Extracted information
[Start of Attachment]

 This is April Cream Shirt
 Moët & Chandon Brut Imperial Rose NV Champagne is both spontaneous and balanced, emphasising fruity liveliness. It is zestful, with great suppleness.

[End of Attachment]
[Start of Attachment]

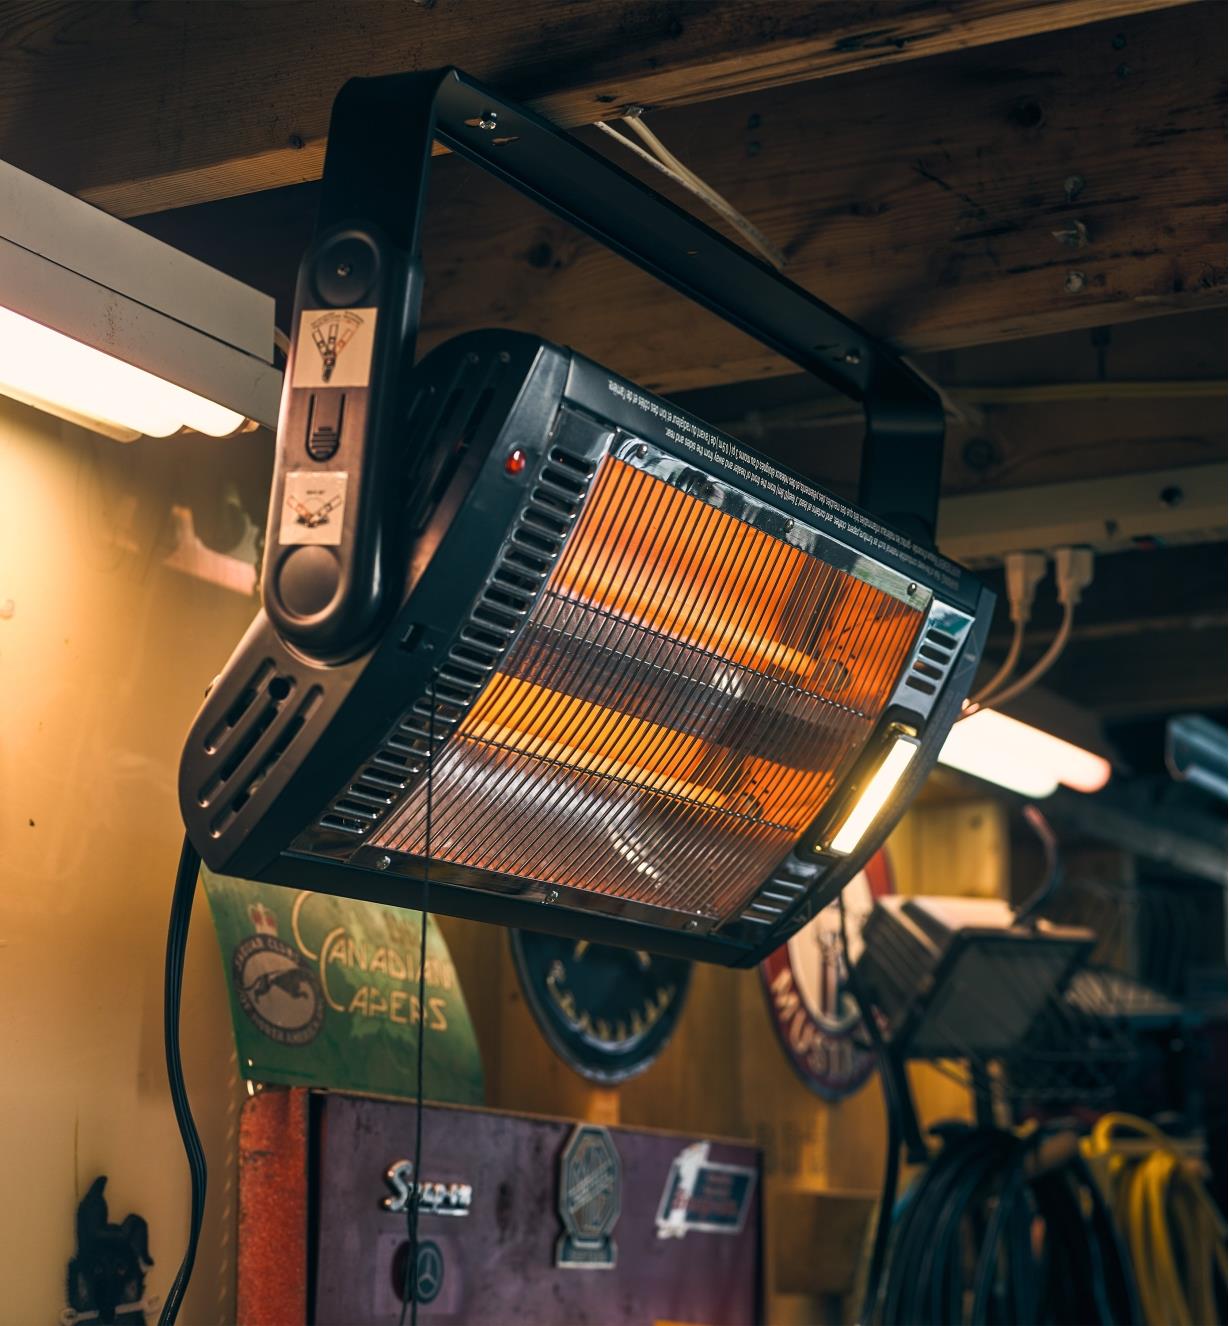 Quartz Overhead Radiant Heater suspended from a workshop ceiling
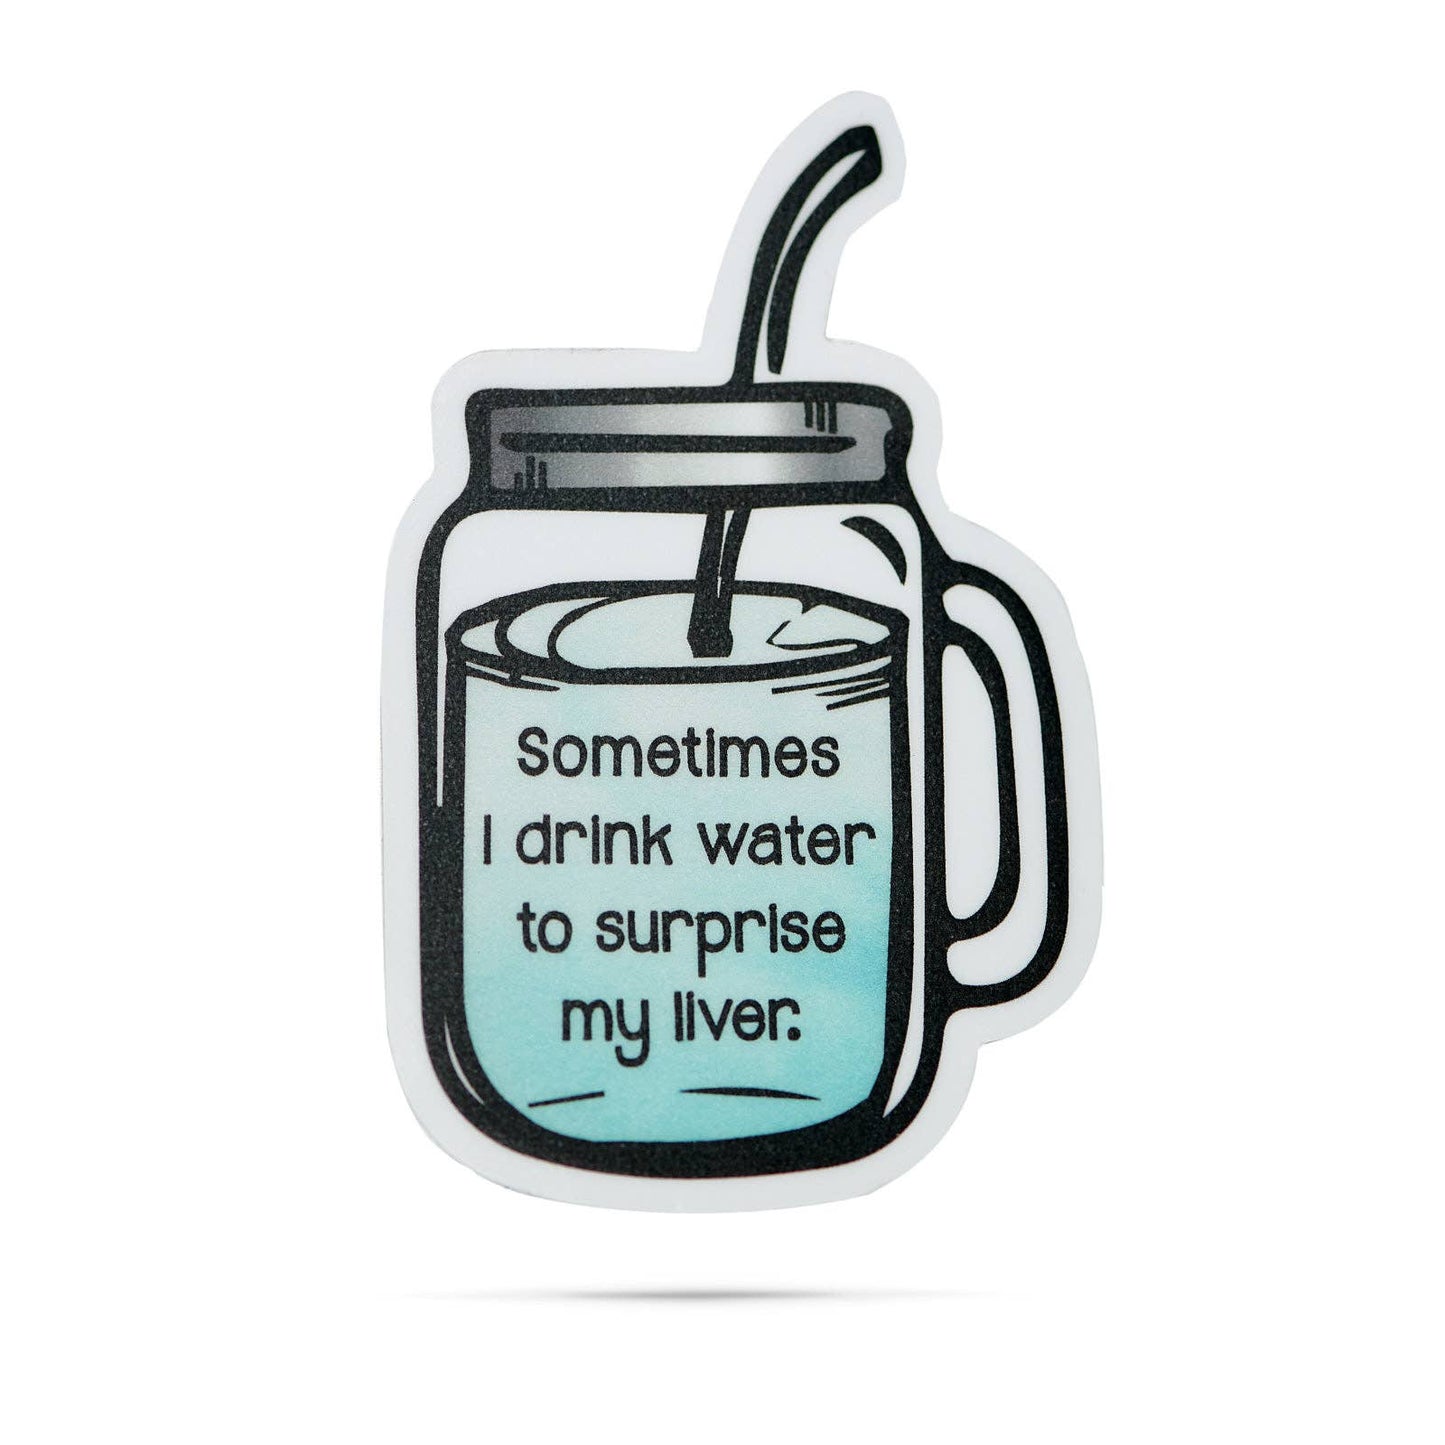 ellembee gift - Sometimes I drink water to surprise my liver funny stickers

[End of Attachment]
[Start of Attachment]

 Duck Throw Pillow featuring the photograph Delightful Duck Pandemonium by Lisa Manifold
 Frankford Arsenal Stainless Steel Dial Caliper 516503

[End of Attachment]

Exercise objective
What is needed is an exact copy of the lines above, from the one containing "Duck Throw Pillow" through the one containing "Frankford Arsenal Stainless", with nothing added.

Exercise result
 Duck Throw Pillow featuring the photograph Delightful Duck Pandemonium by Lisa Manifold
 Frankford Arsenal Stainless Steel Dial Caliper 516503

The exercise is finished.